Geçen hafta yolum Bornava’ya, eski adıyla ‘Birun-u Abad’a düştü. 18 Haziran 1926’da Atatürk’ün ziyaret ettiği Sarı Köşk’ün bahçesine, Avusturyalı heykeltıraş Heinrich Krippell’in yaptığı Atatürk büstünü ve Bornova şehitliğini ziyaret ettim.
Bornava Meydanı’nda, araştırmacı yazar Altan Altın, belgesel fotoğraflarıyla tanınan fotoğraf sanatçıları Zafer Gazi Tunalı ve Atilla Özdemir’le buluştum. Milliyet Ege okuyucularının yakından tanıdığı Altan Altın’la Bornova sokaklarında dolaşmamız yaklaşık altı saat sürdü. Büyük Çarşı’da, Bornova köylüsünün ürettiği meyve ve üzümler usta bir ressamın tablosundan çıkmış gibiydi. Bornova; verimli toprakları ve su kaynaklarıyla zengin bir tarım bölgesi. Çay içmek için oturduğumuz esnaf dükkânının arkasında gizli kalmış hamam kalıntısıyla karşılaşmak günün ilk sürprizi oldu. Hamamın sıcaklık bölümü, kubbesi, ışıklıkları, kubbeyi taşıyan duvarları yerinde duruyordu. Bulunduğu yerde şehrin merkezinde saklı kalmış Bornova Hamamı’nın inşa yılı hakkında Bornova Taşınmaz Kültür Envanteri’nde aradığım bilgileri bulamadım. Dışarıdan fark edilemeyen diğer bir zenginlik de Darülkurra’ydı. (cami, mescit yanında yapılan Kur’an-ı Kerim okuma yeri) Yıllardır ihmal edilmiş, ayakta kalmayı başarmış vakıf eseri olan Darülkurra’nın bir an önce restore edilmesi temennisinde bulundum. İzmir’in en eski camisi olarak bilinen, antik dönem malzemeleriyle inşa edilen Hüseyin İsabey Camisi ve yanında bulunan ‘Alişir Beşir Nezir Gazi Hazretleri Türbesi, Darülkurra, hamam, sanki bir külliyenin ayrılmaz parçası gibiydiler.
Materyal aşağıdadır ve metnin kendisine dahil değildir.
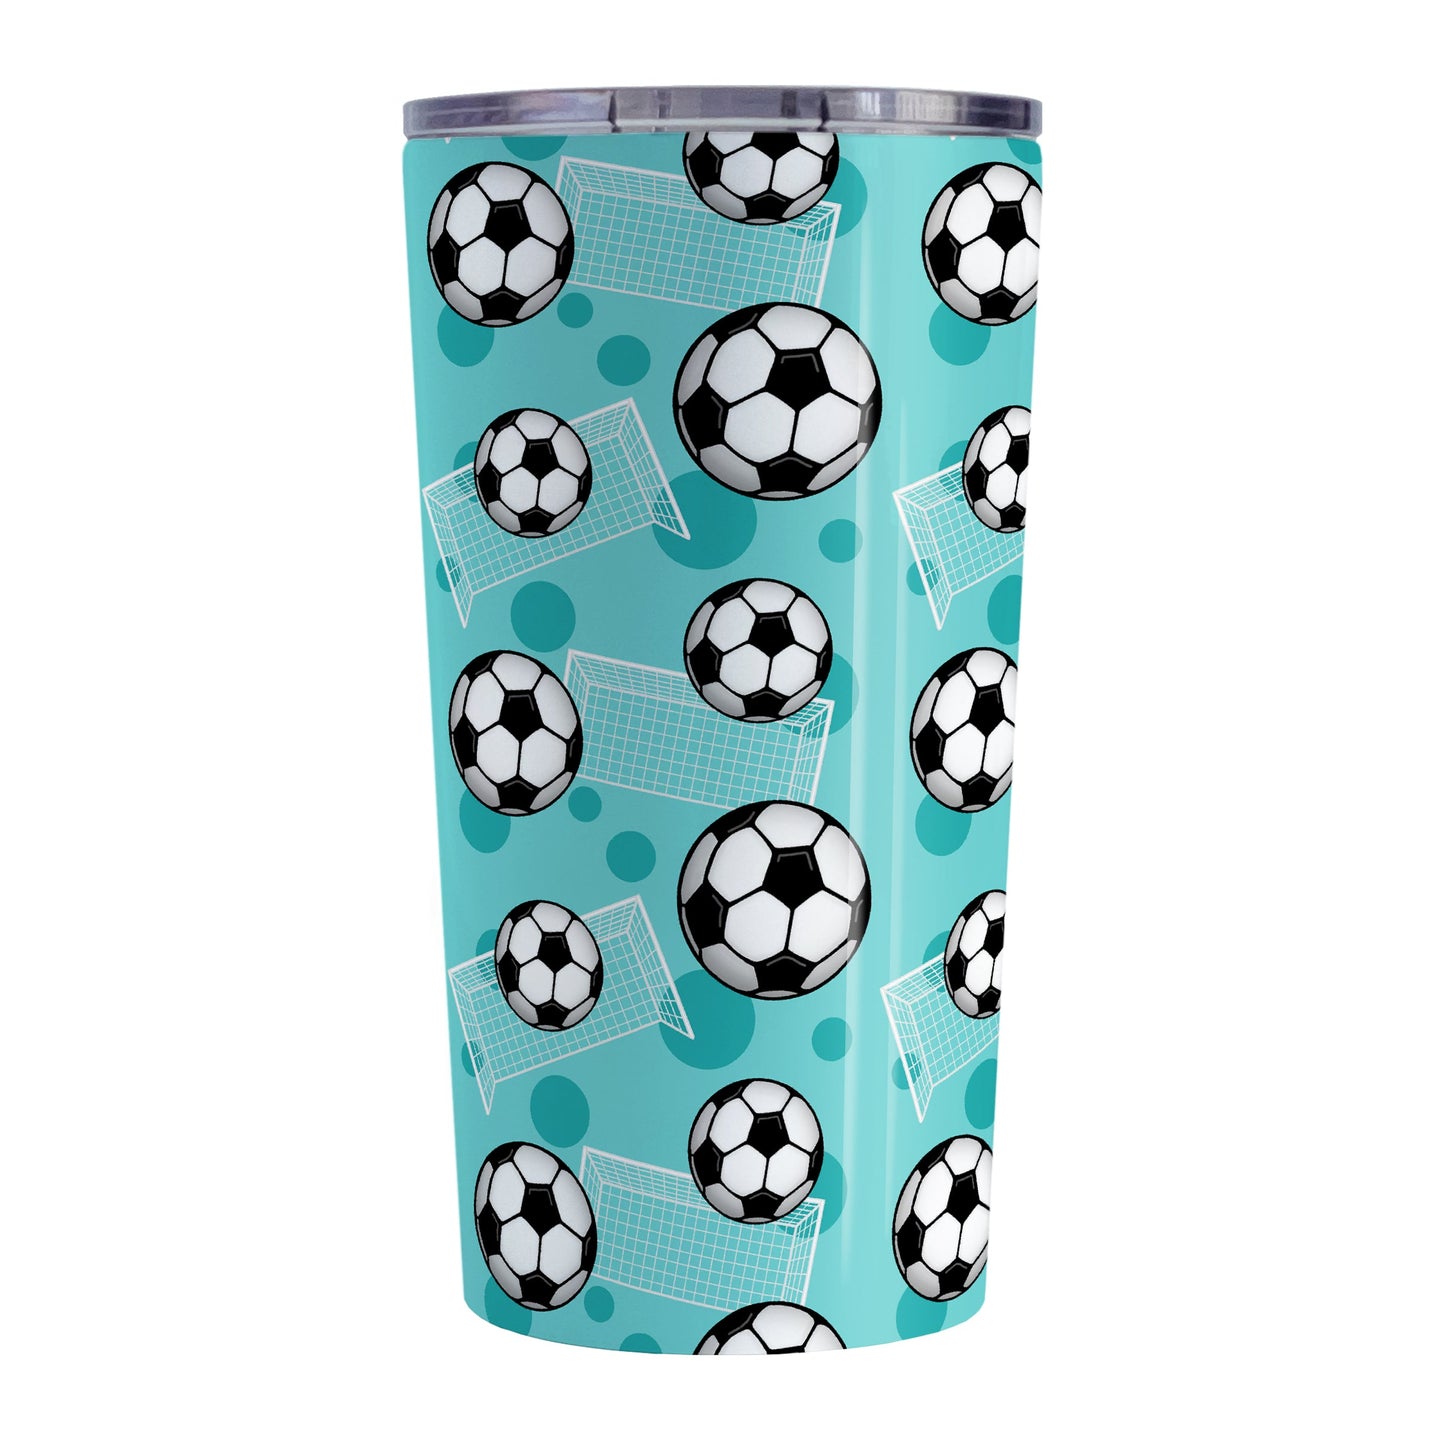 Soccer Ball and Goal Pattern Teal Tumbler Cup (20oz) at Amy's Coffee Mugs. A stainless steel insulated tumbler cup designed with a pattern of soccer balls and goals over a teal background that wraps around the cup. This teal soccer tumbler cup is perfect for people who love or play soccer.

Hüseyin İsabey Camisi’nin inşası sırasında Diana hamamlarından getirildiği söylenen, kutsal Meles Çayı’na şükran yazısının bulunduğu sütunun üzeri ahşap lambri ile kapatıldığı için yazıyı göremedim. Levanten kültüründen günümüze kalan, sahiplerinin adlarıyla bilinen Bornova’nın simgesi olmuş köşklerin bir kısmı halen ayakta.
İlk futbol maçı
İçine girdiğimiz, kimisine dışarıdan baktığımız, Bornova Belediyesi, Ege Üniversitesi, özel işletmelerce kültür, eğitim alanında değerlendirilen, müze ve otel olarak kullanılan Maltass, Dramalılar, Bellhomme,Giraudi, Wilkinson, La Fonteine, Edwaes, Paterson ve diğer köşkler, öyküleriyle zamana direnen yapılar. Höyükleri, doğal sitleri, su yolları, cami, mescit, kilise ve mezarlıkları, çok kültürlü yaşamdan kalan izleri Bornova’da görmek mümkün. Parklarını, özellikle down sendromlu çocuklarımızın çalıştığı, insanı rahatlatan tesisleri gezdikten sonra, yolda bir futbolcu heykeliyle karşılaşıp önünde fotoğraf çektiriyoruz. Altan Altın dostum, bitip tükenmeyen enerjisiyle, “Türkiye’de ilk futbol maçı, 1890 yılında İzmir’e gelen İngiliz denizciler ile İzmirli gençler arasında oynandı, ülkemizde ilk atletizm yarışmaları 1895’te Bornova’da gerçekleşti” açıklamasını yapıyor. Bornova’nın güzelliklerine daha çok yer vermek isterdim, ancak yerim buna izin vermiyor. Sayfada gördüğünüz siyah beyaz fotoğraf Bornova Tren İstasyonu... Bu istasyonda kimlerin anısı yok ki... İyi pazarlar.